» How to complete this task: Of all the lines below, return only those starting with the line holding "Coffa metal earrings" and going on through the line holding "Hand Stamped Necklace", exactly as written.

(Stored records)
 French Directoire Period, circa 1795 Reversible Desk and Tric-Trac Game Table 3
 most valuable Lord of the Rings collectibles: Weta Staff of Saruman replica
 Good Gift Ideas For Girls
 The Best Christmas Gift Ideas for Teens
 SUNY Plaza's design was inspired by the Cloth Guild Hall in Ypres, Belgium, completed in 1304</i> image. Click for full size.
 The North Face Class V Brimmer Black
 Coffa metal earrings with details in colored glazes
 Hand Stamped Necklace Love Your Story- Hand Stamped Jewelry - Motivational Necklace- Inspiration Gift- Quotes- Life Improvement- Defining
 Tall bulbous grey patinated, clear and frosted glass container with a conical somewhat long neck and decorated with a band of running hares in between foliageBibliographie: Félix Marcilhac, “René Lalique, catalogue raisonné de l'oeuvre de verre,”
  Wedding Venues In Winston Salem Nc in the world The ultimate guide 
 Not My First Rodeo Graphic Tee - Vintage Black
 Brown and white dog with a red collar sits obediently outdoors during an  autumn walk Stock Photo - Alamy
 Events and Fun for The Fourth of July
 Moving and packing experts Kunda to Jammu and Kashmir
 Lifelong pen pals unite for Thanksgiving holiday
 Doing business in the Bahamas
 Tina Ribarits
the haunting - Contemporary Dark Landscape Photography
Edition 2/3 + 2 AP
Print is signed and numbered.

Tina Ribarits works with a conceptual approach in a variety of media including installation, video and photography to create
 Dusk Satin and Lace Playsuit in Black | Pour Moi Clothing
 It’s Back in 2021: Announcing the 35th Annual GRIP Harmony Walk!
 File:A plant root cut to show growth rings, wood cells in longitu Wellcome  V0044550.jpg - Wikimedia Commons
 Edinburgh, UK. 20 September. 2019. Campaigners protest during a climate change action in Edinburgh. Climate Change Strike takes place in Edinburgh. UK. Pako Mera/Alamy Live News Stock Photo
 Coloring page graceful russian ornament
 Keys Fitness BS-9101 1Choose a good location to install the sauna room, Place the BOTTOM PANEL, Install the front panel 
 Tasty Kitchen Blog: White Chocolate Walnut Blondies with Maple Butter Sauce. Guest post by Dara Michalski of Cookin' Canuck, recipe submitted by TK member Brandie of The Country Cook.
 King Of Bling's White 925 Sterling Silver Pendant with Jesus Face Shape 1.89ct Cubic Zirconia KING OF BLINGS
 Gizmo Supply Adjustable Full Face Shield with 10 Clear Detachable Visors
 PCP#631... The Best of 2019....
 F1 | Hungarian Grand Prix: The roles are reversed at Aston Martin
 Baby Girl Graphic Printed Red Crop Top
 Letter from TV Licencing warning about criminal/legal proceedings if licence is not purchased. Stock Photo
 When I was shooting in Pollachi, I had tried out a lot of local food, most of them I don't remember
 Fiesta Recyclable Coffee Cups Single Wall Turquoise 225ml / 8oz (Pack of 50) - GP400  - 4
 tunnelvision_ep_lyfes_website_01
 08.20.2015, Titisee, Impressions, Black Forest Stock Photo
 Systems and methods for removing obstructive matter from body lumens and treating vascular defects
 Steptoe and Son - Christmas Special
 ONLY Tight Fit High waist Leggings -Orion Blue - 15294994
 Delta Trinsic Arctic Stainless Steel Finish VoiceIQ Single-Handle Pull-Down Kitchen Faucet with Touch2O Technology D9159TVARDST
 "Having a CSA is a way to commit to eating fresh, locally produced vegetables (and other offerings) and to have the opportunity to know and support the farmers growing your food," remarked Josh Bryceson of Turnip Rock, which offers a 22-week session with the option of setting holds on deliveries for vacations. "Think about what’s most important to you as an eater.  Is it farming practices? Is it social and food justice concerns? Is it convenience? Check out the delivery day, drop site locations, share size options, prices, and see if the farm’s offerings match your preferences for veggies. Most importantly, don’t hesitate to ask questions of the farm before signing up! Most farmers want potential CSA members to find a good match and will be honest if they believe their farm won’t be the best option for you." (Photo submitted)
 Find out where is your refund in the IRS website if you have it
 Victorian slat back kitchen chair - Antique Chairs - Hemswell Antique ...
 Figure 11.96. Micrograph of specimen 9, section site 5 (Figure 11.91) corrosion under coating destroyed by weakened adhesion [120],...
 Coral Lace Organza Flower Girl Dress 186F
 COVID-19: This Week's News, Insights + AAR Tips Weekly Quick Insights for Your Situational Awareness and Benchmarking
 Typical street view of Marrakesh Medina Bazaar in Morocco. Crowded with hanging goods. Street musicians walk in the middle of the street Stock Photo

» The completed task:
 Coffa metal earrings with details in colored glazes
 Hand Stamped Necklace Love Your Story- Hand Stamped Jewelry - Motivational Necklace- Inspiration Gift- Quotes- Life Improvement- Defining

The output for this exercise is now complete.